Thursday, January 20, 2011

WOOHOO! Second term, GO!

I've got first-day-of-school high-- I'm pumped to do EVERYTHING-- right NOW!

Okay, so I have a long road ahead of me. My main concerns right now have to be the literature review, and a mock-PhD studentship proposal which the head of the course says basically has to be above 90% (which I didn't even know existed in this country) or it doesn't pass.

The collective outlook on PhD studentships is rather grim. I didn't know until today how nearly impossible it is to get one in this country-- it may even be worse than the US. However, my pessimistic view is, it doesn't matter how good your proposal is-- the professor will take you if you've worked for them. All philosophy aside, the PhD proposal is a substantial part of my grade, so it doesn't matter what the reality is. I have to write it and that's that.

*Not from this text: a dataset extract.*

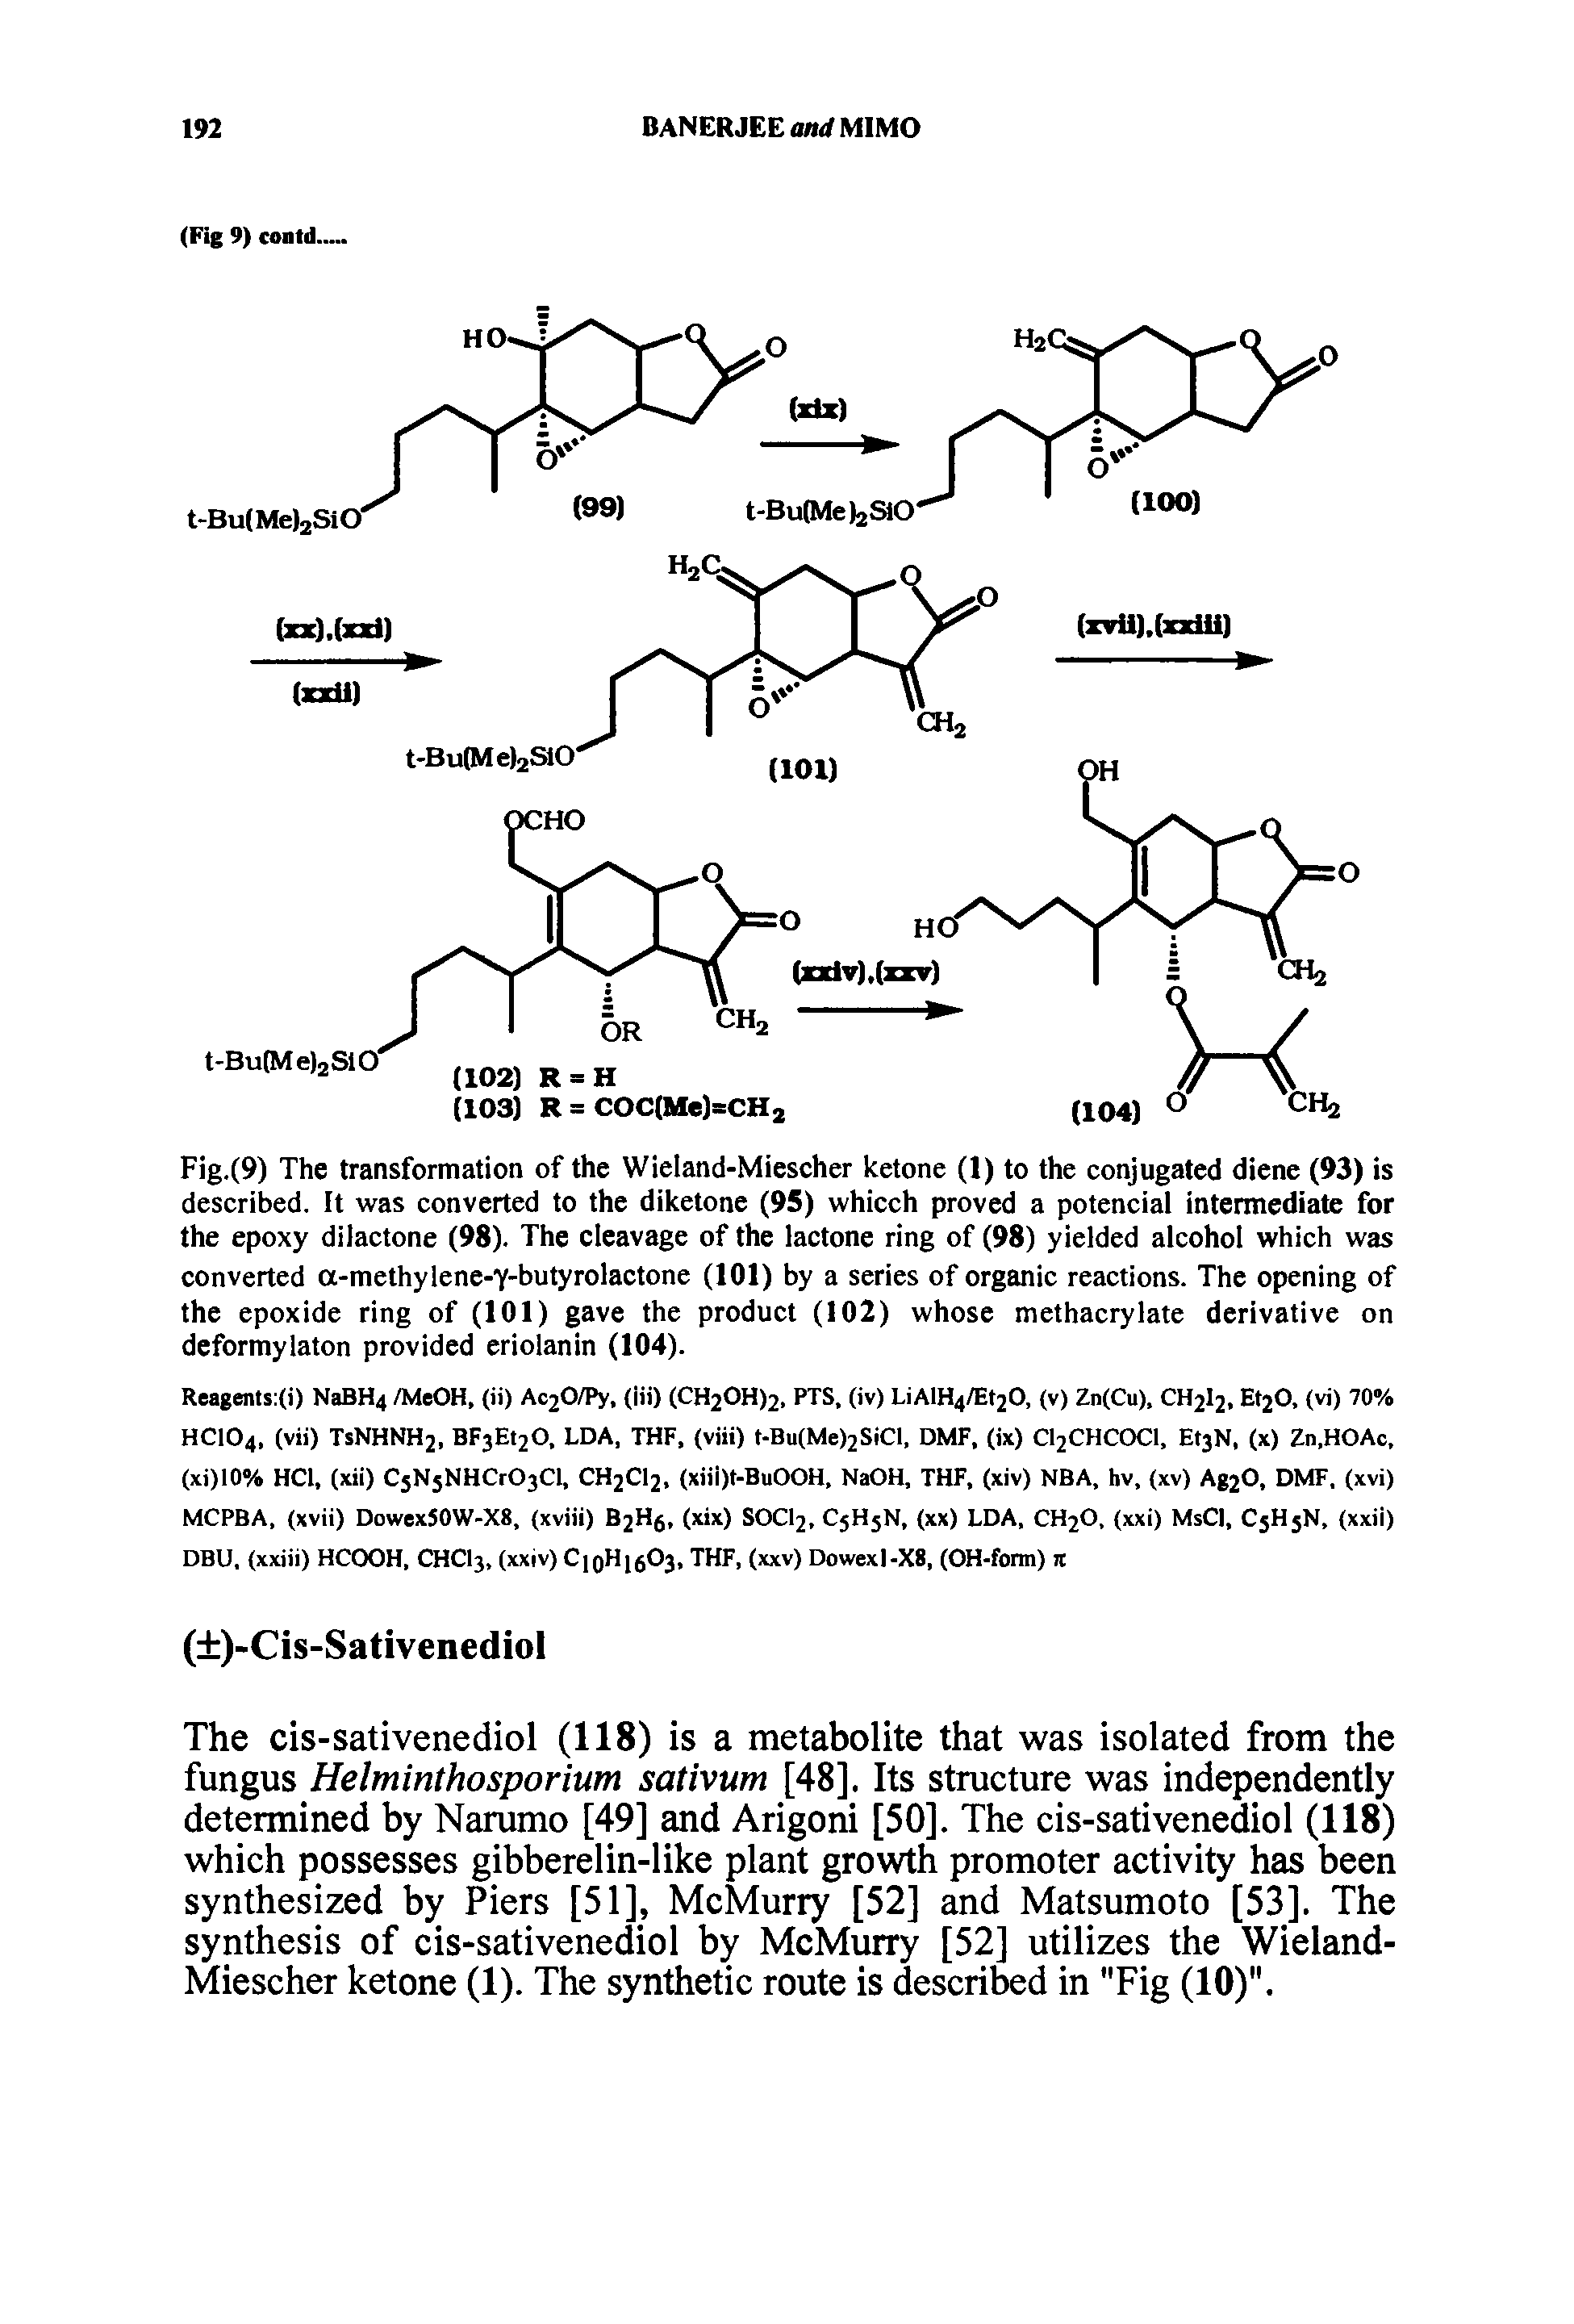 Fig.(9) The transformation of the Wieland-Miescher ketone (1) to the conjugated diene (93) is described. It was converted to the diketone (95) whicch proved a potencial intermediate for the epoxy dilactone (98). The cleavage of the lactone ring of (98) yielded alcohol which was converted a-methylene-Y-butyrolactone (101) by a series of organic reactions. The opening of the epoxide ring of (101) gave the product (102) whose methacrylate derivative on deformylaton provided eriolanin (104).

So here is the work I have to accomplish by 5 May 2011:

1) Write a 6-8000 word critical literature review
2) Write a nearly perfect PhD studentship proposal (Kevin assures us this will be the hardest thing we do on the course, and I believe him)
3) Create an experimental study different from the thesis and write a 3000 word article
4) Create a professional webpage, other goodies for a portfolio

On top of those things, I have to:
5) Conduct the pilot and final experiments for my thesis
6) Design a scientific poster for the BPS conference in May (since I foolishly signed up to do it)

What have I accomplished so far?
1) I have gathered about 50 articles and read about 10 of them in-depth, and have made notes on those 10 for the "hallucination, schizotypy and schizophrenia" section of my literature review. Today the head of the course said we should be about halfway through with the whole damn thing, which was NEWS TO ME-- I felt an icicle plunge down my esophagus, but it evaporated when I asked the rest of the class (after the head of the course left, of course) what they had done and they expressed that they hadn't even done as much as I, and that goes for the non-slackers like me, too. ;)

2) I have hardly even begun to conceptualize what question I could possibly pursue for 3 solid years of PhD research, but I had better get on it! I am thinking of something to do with the relationship between imagery and perception, which is my new favorite topic right now.

3) I e-mailed the head of the course with my idea for the random experimental study that must be different from my thesis.

4) Create a webpage? I'll leave that 'til the week before it's due.

5) I'm running my pilot on Tuesday and Wednesday of next week! And I have renewed inspiration for the topic and I will not fail my adviser!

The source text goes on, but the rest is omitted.